• _TASK DESCRIPTION_
Among the lines of the listing below, retype exactly those from the one containing "Ebl 906 Lcd" through the one containing "Formula 1: Ferrari’s", both included. Do not include pictures.

• _EXERCISE MATERIAL_

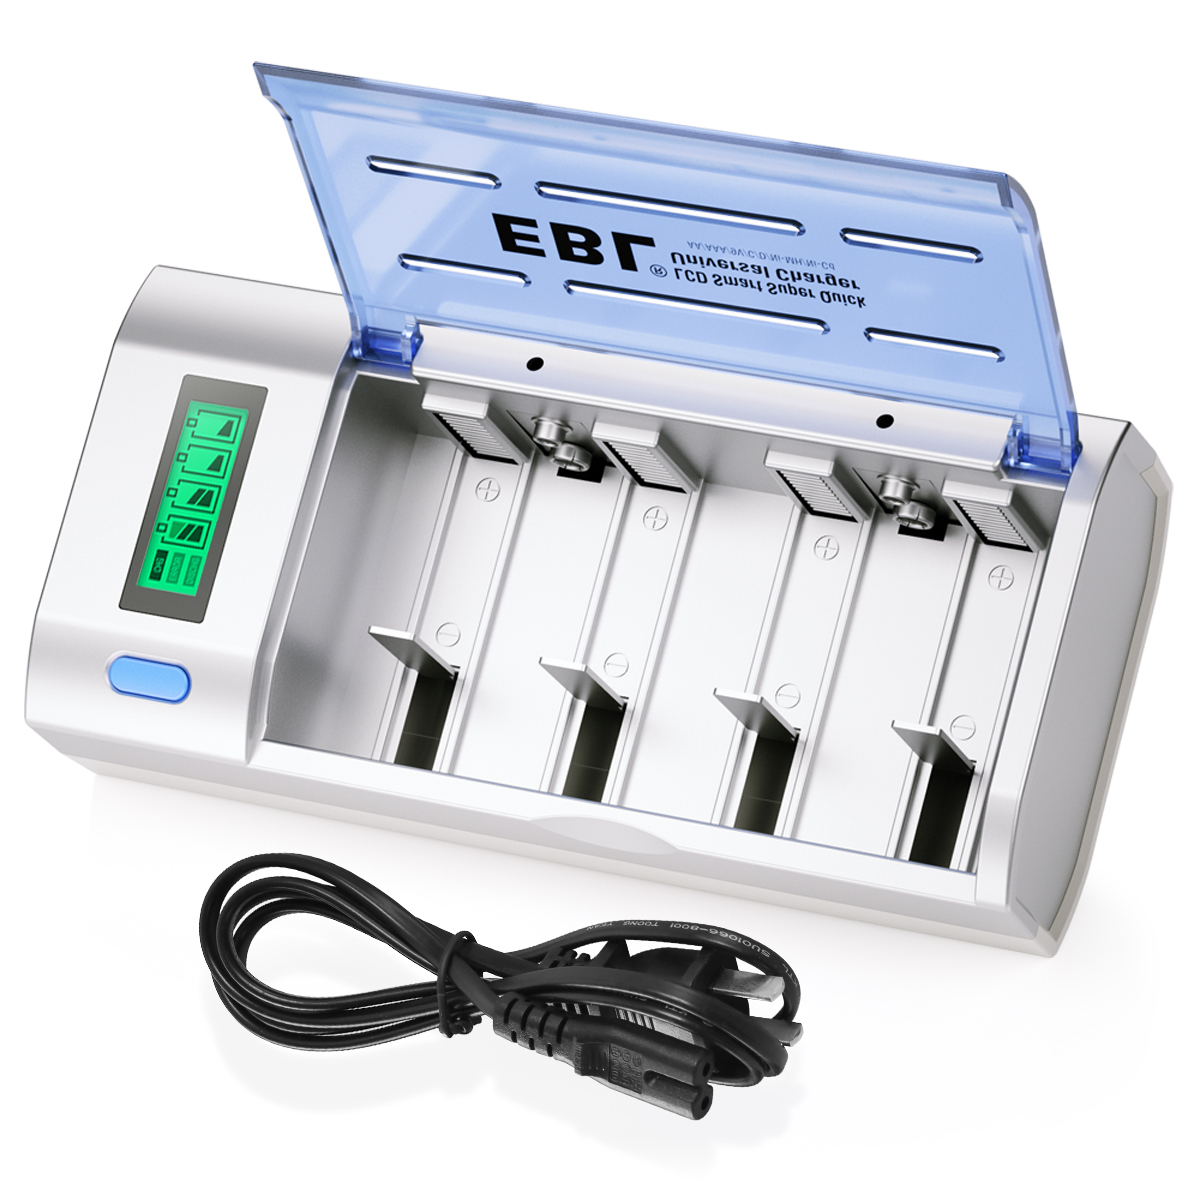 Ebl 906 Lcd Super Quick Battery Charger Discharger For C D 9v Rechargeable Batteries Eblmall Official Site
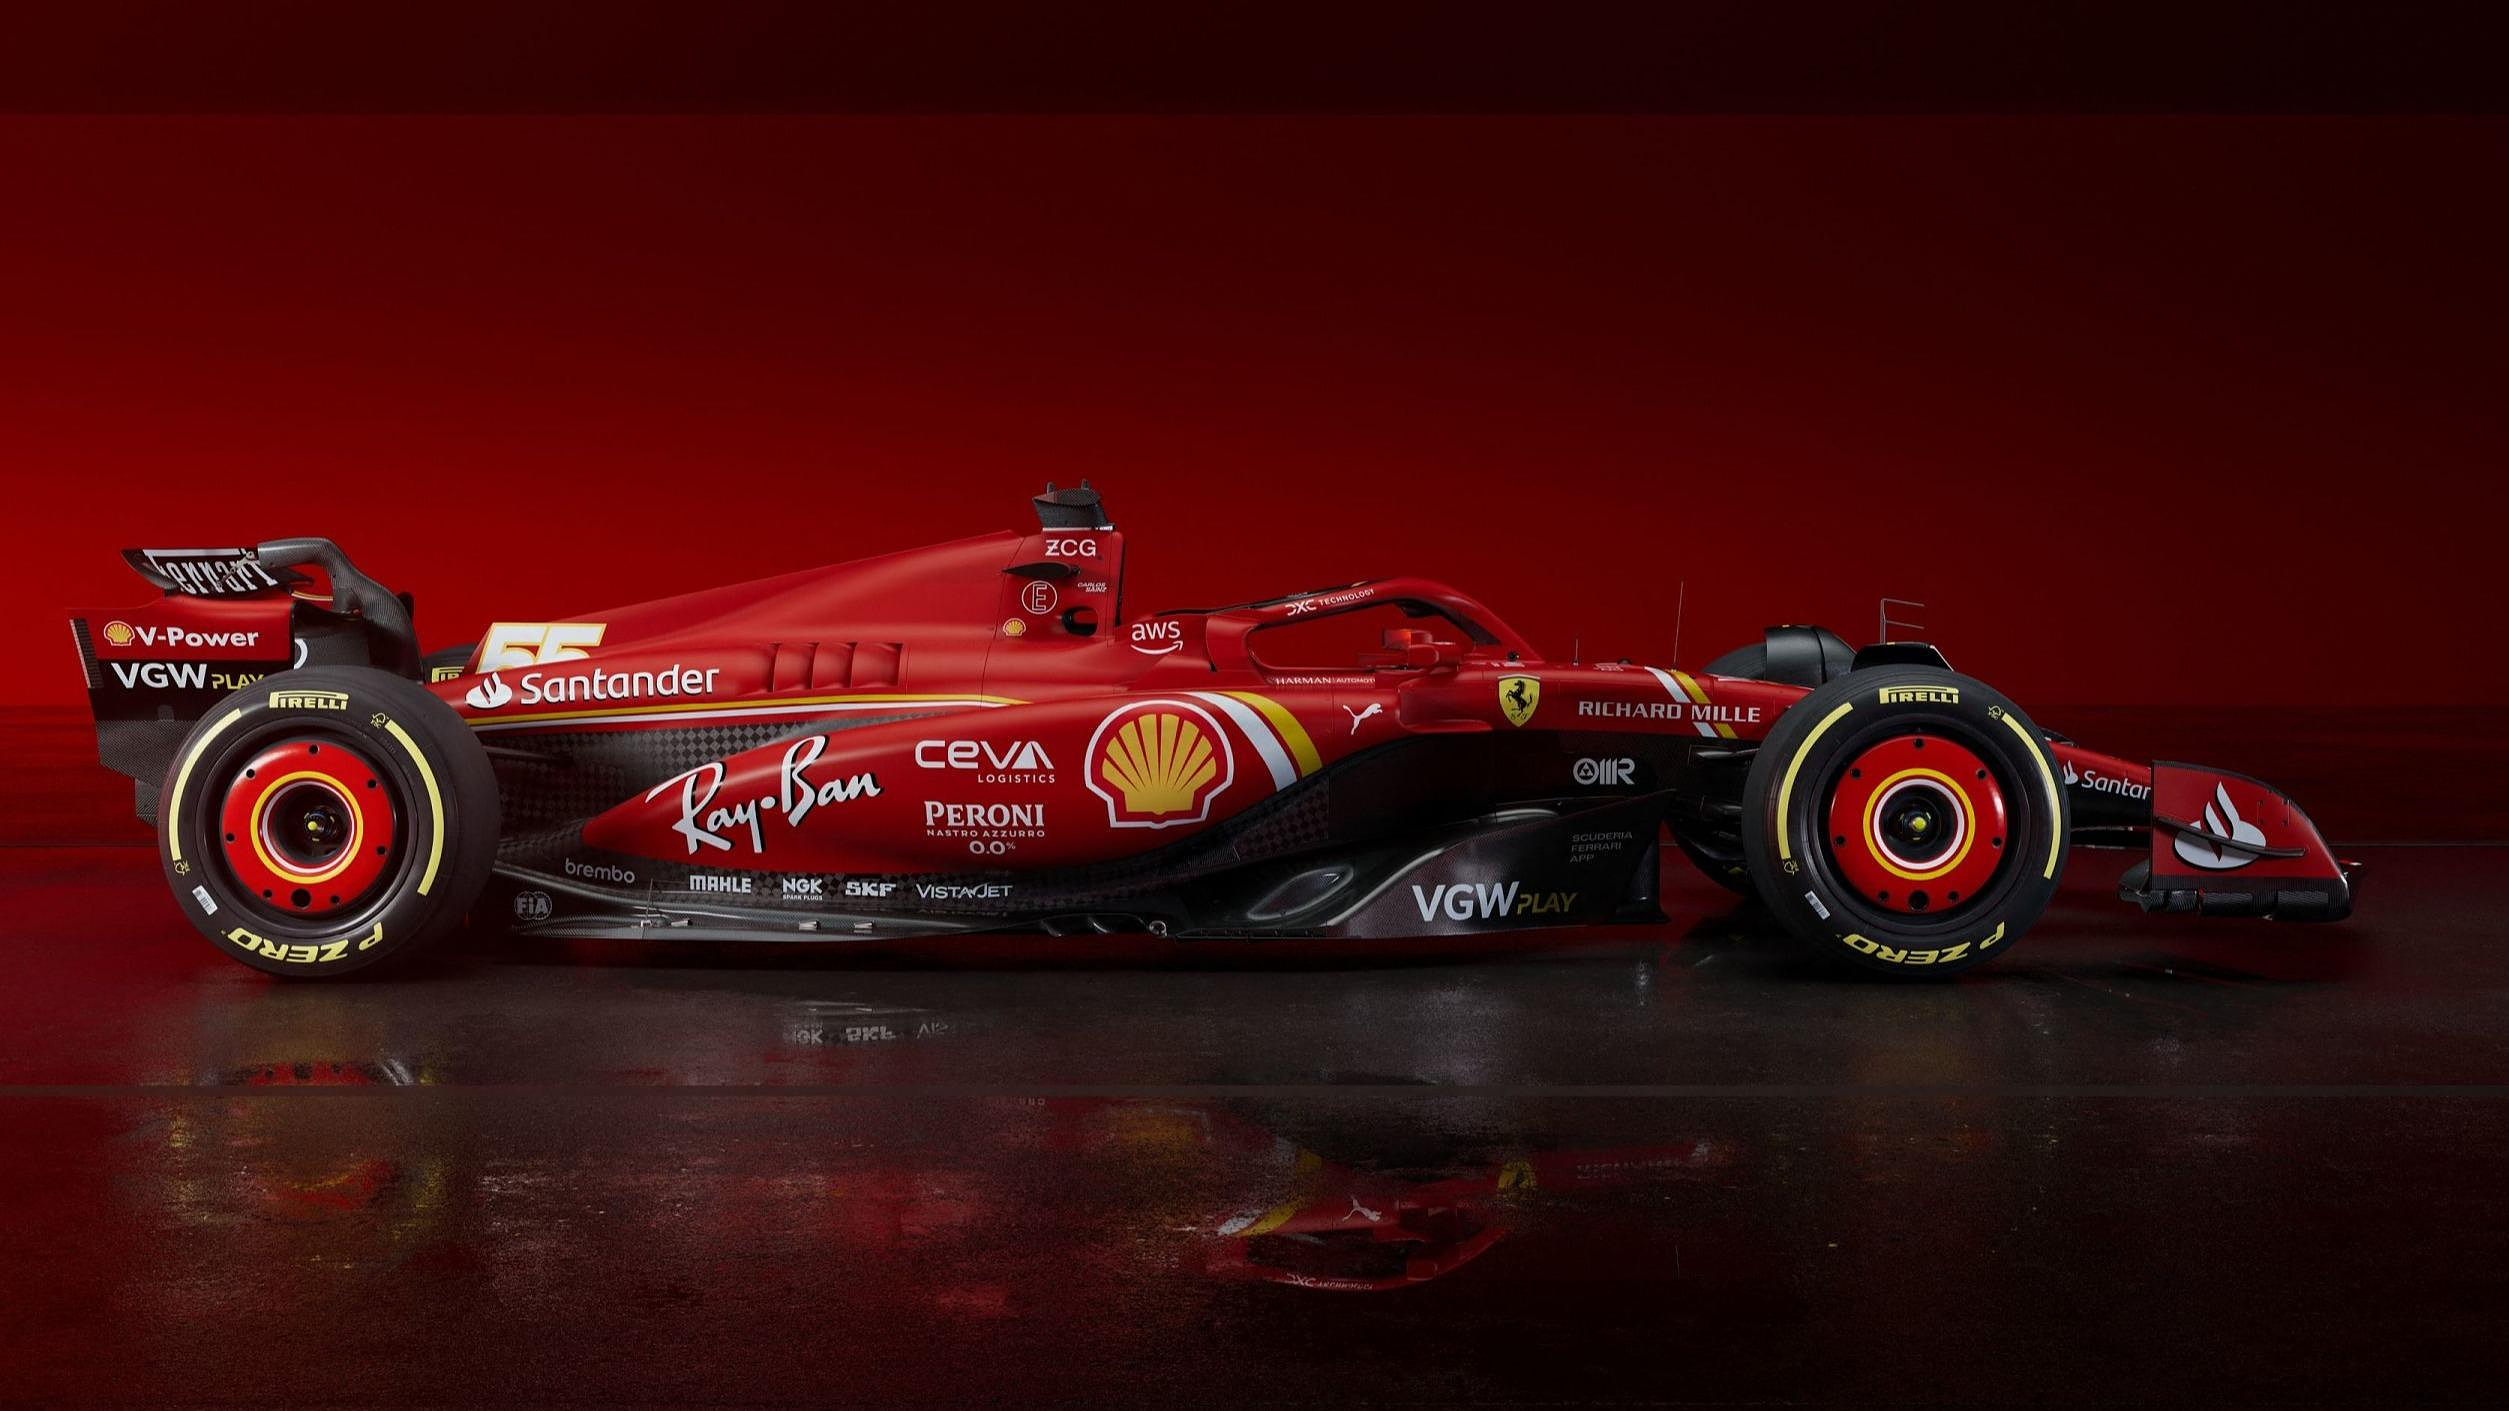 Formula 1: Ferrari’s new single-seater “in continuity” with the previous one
==
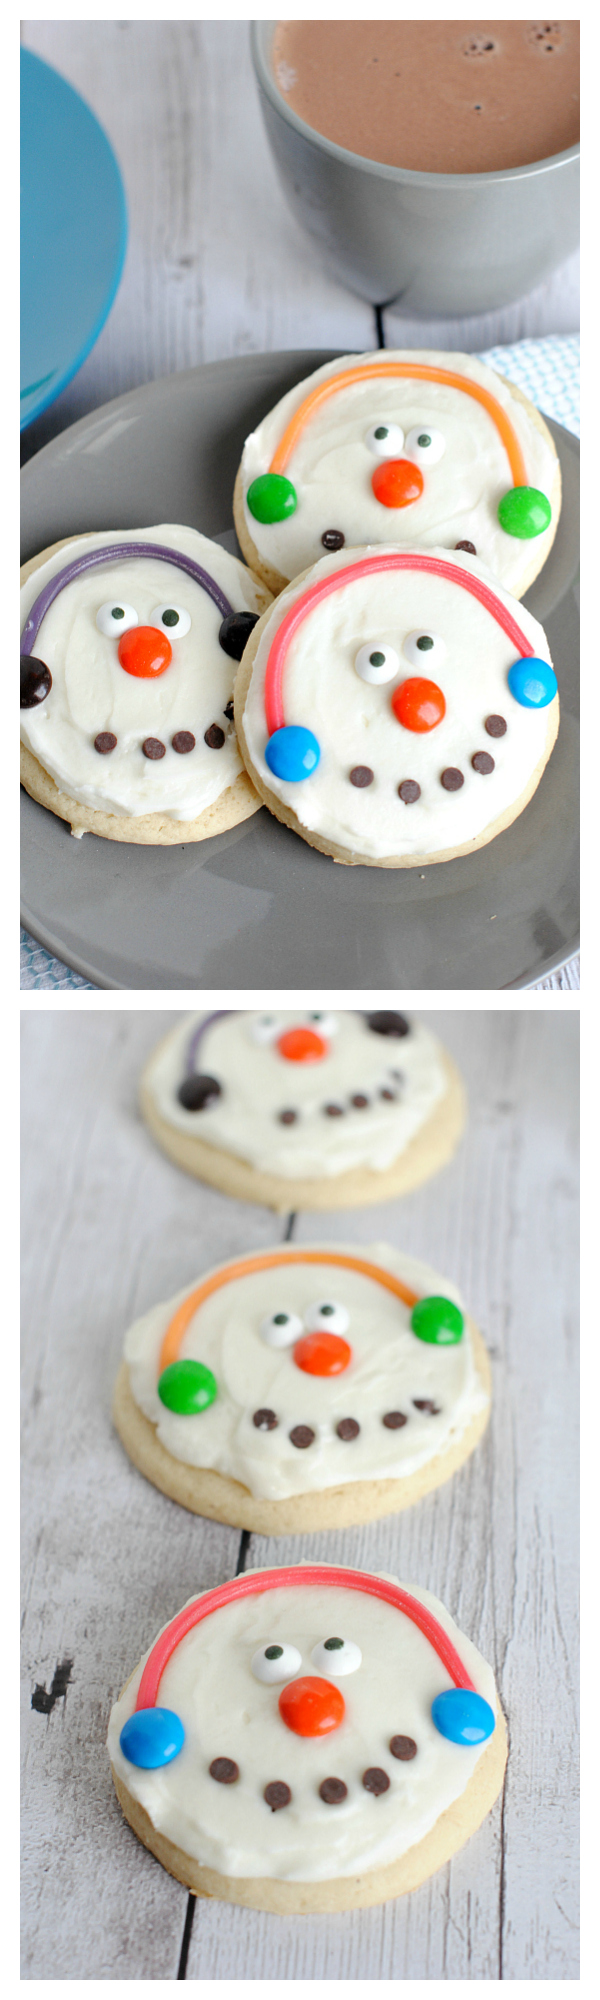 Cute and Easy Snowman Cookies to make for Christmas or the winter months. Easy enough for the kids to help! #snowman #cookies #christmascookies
* * *
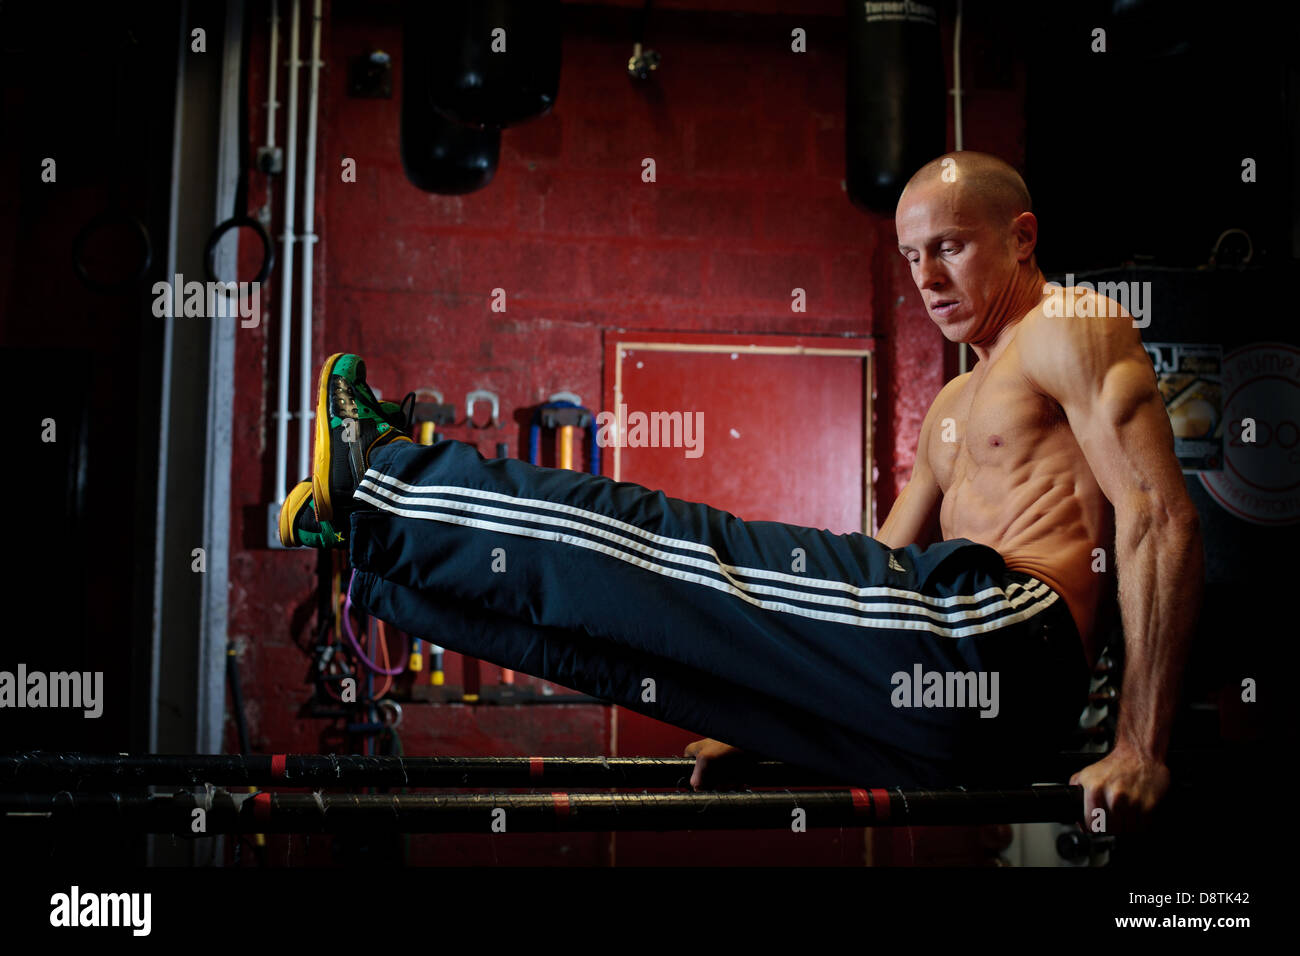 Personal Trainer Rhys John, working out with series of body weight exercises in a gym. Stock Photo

• _OUTPUT FOR THIS EXERCISE_
 Ebl 906 Lcd Super Quick Battery Charger Discharger For C D 9v Rechargeable Batteries Eblmall Official Site
 Formula 1: Ferrari’s new single-seater “in continuity” with the previous one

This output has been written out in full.